Like if I need 5 source files in a library to keep it well encapsulated, I'm doing that instead of making 5 libraries that are a rat's nest of inter-dependencies. And like the headers and repeating all the deps and specific command line arguments and so on would be unreadable.
Then you aren't keeping your dependencies fine grained.
> Like if I need 5 source files in a library to keep it well encapsulated, I'm doing that instead of making 5 libraries that are a rat's nest of inter-dependencies.
If you can't form your dependency tree into a DAG, you have larger design issues. This is yet another thing that bazel does a good job of uncovering. Libraries with cyclic dependencies aren't well encapsulated, and you should refactor to remove that.
I recognize that at a small scale this doesn't matter. But to be frank, there are parts of my job that I literally would be unable to accomplish if my coworkers did what you suggest.
Sure I'll just go ahead and stick my fly weight class and it's provider class in two different libraries. And have one of them expose their shared internal header that is not meant for public usage. That's not going to cause any issues at all (sarcasm).

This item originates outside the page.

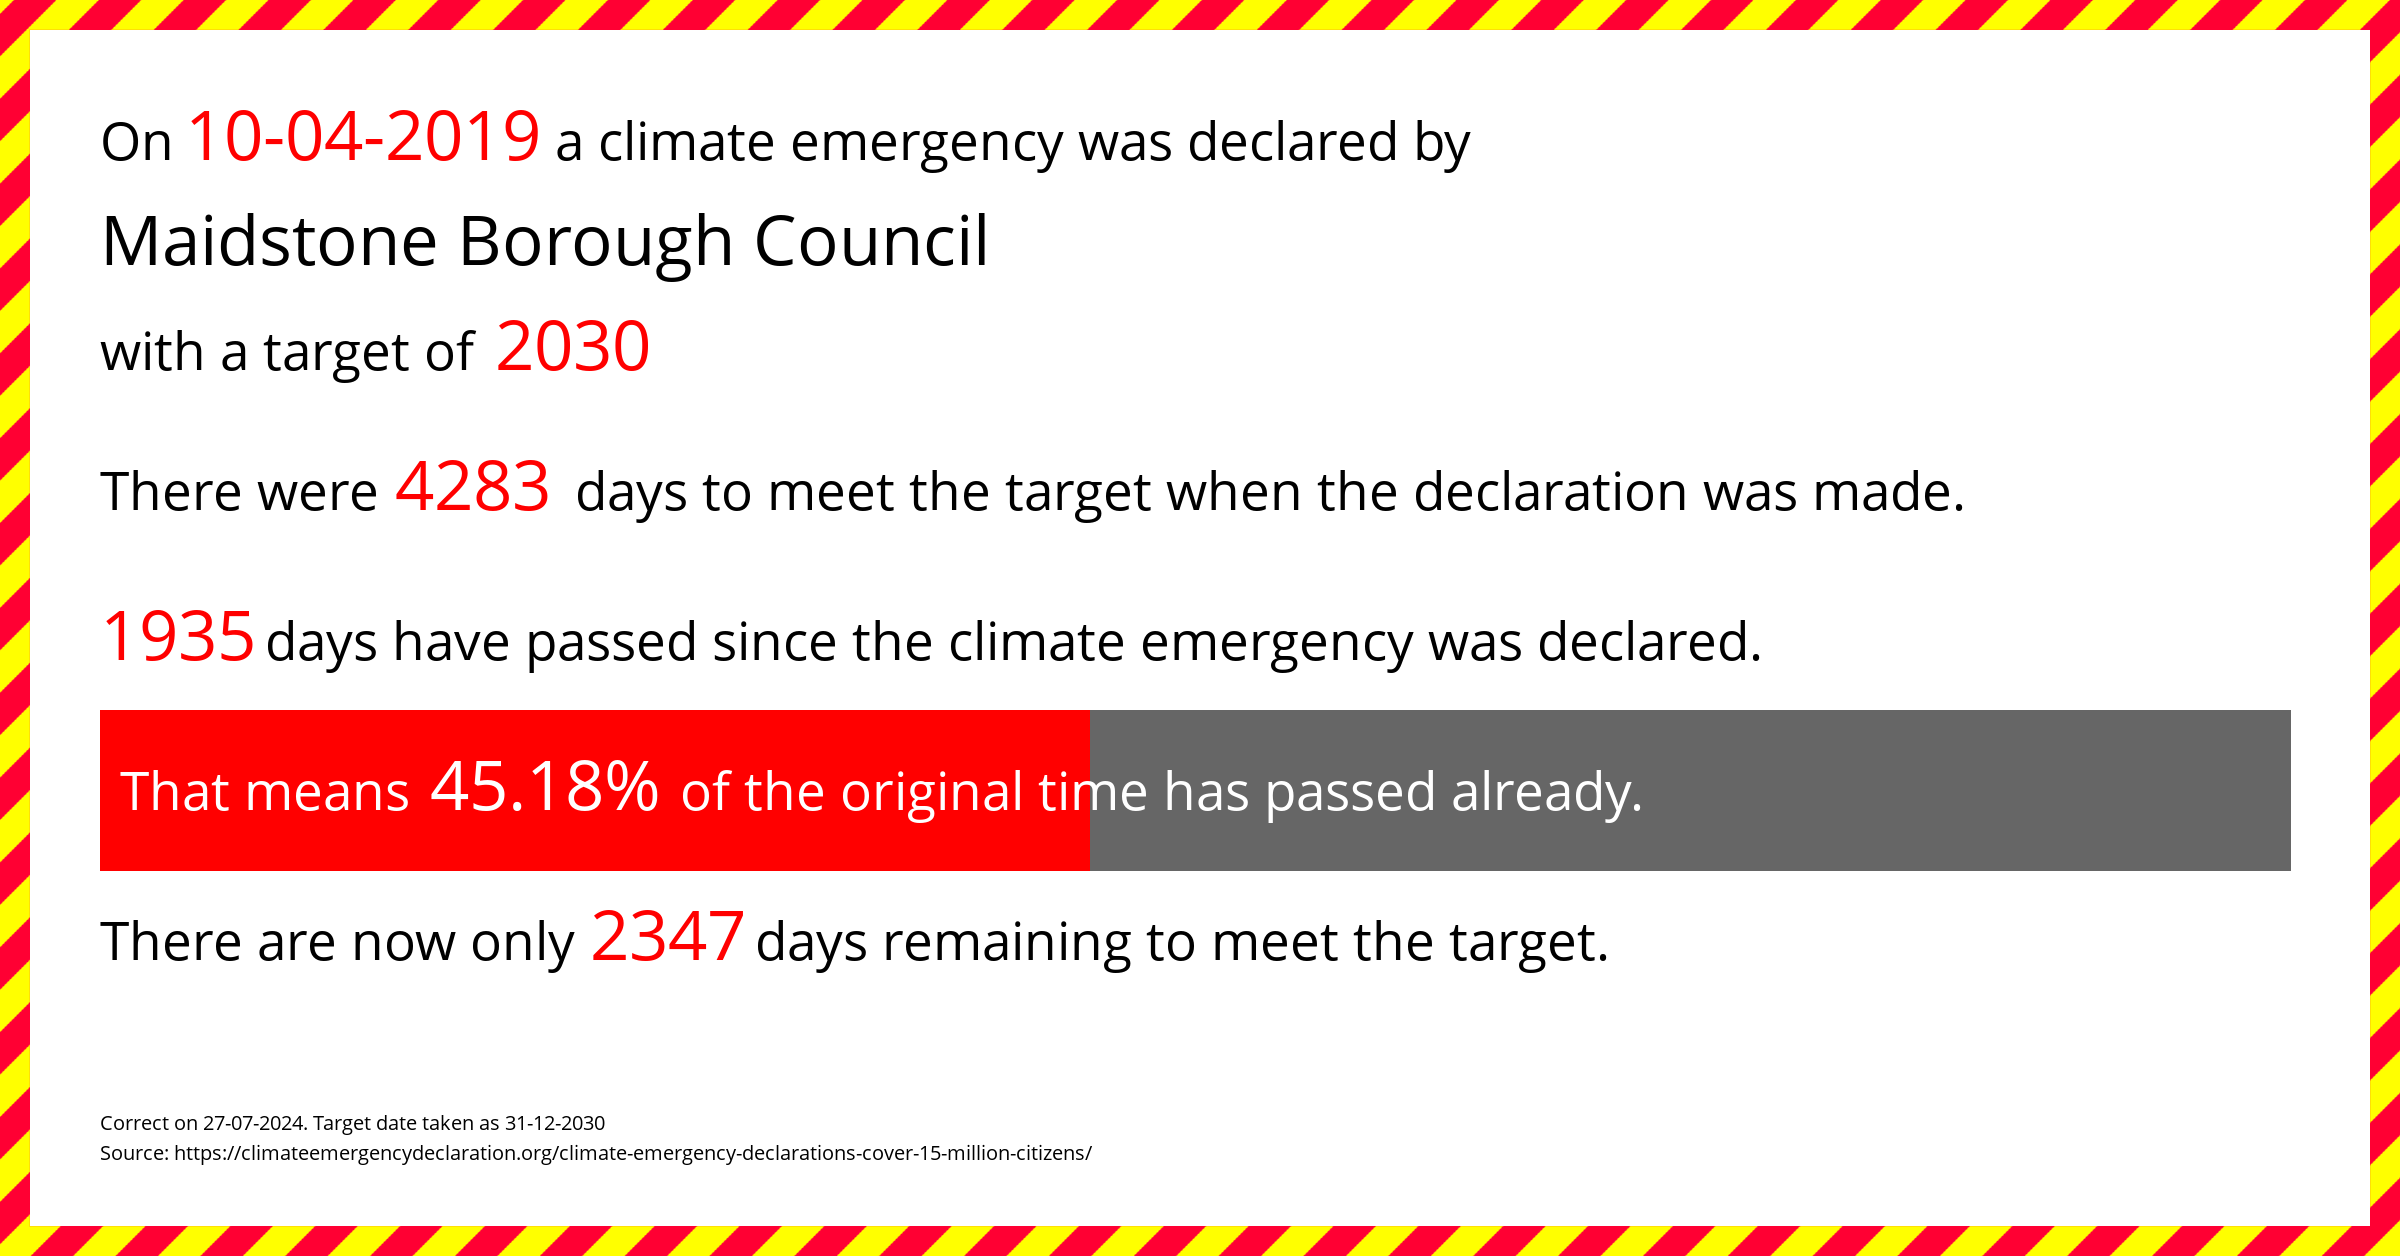 Maidstone Borough Council declared a Climate emergency on Wednesday 10th April 2019, with a target of 2030.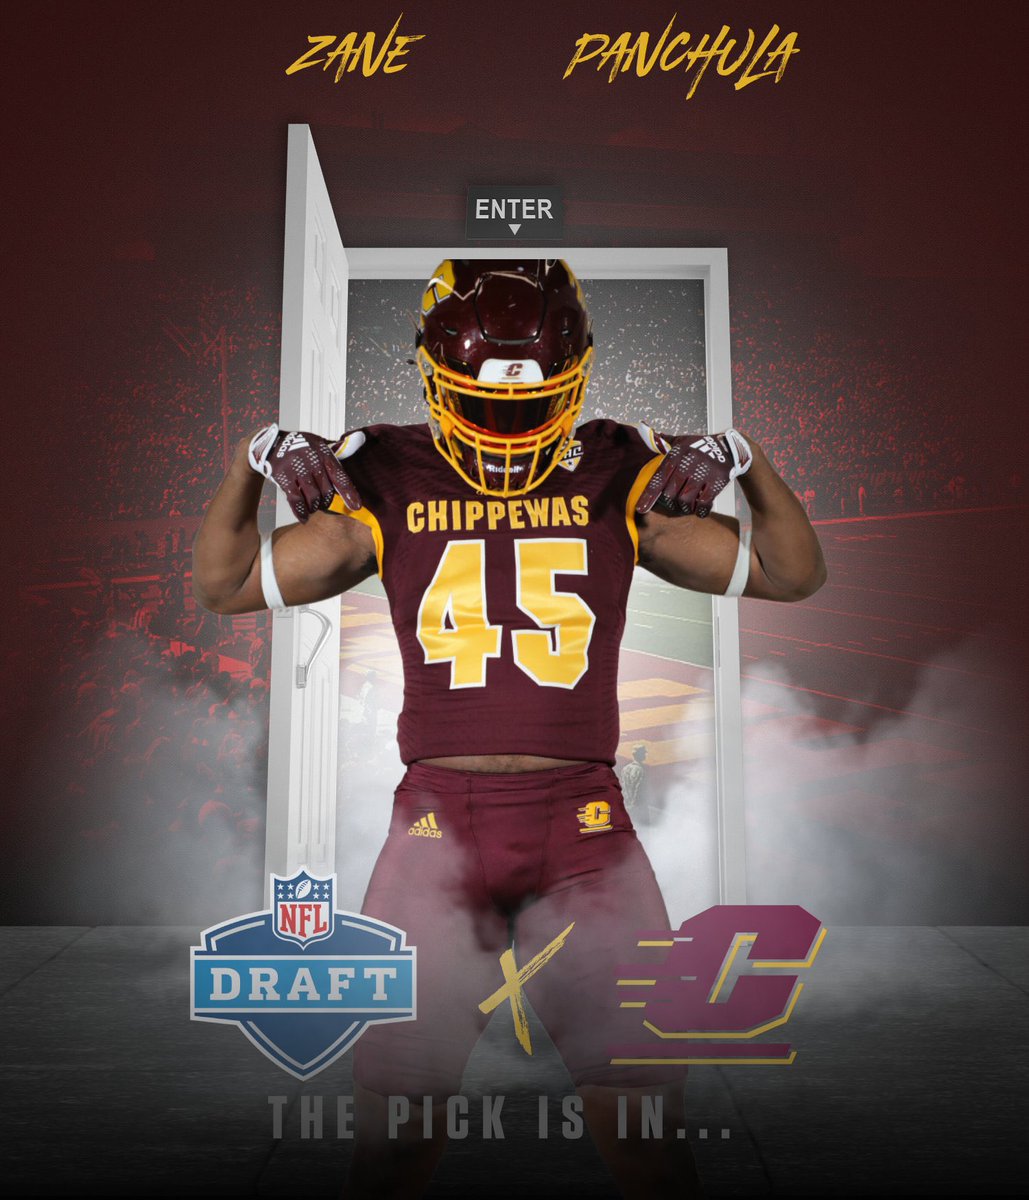 Good luck coach @CoachMikeMcGee @CMU_Football in the draft! Thanks for the shout out @CoachMcElwain

One source file per library and one source file per object is an example of two policies that will conflict here (and I'm not trading code organization for build organization when I can just as easily use the features intended for this situation).
Meanwhile in the real world limiting the accessibility of header files not meant for public use prevents people from depending on things they shouldn't. Organizing libraries on abstraction boundaries regardless of code organization allows for more flexible organization of code (e.g. for readability and documentation). And so on.
This is why these feature exists and why Google projects like both Tensorflow and Skia don't follow the practices you are espousing here pathologically.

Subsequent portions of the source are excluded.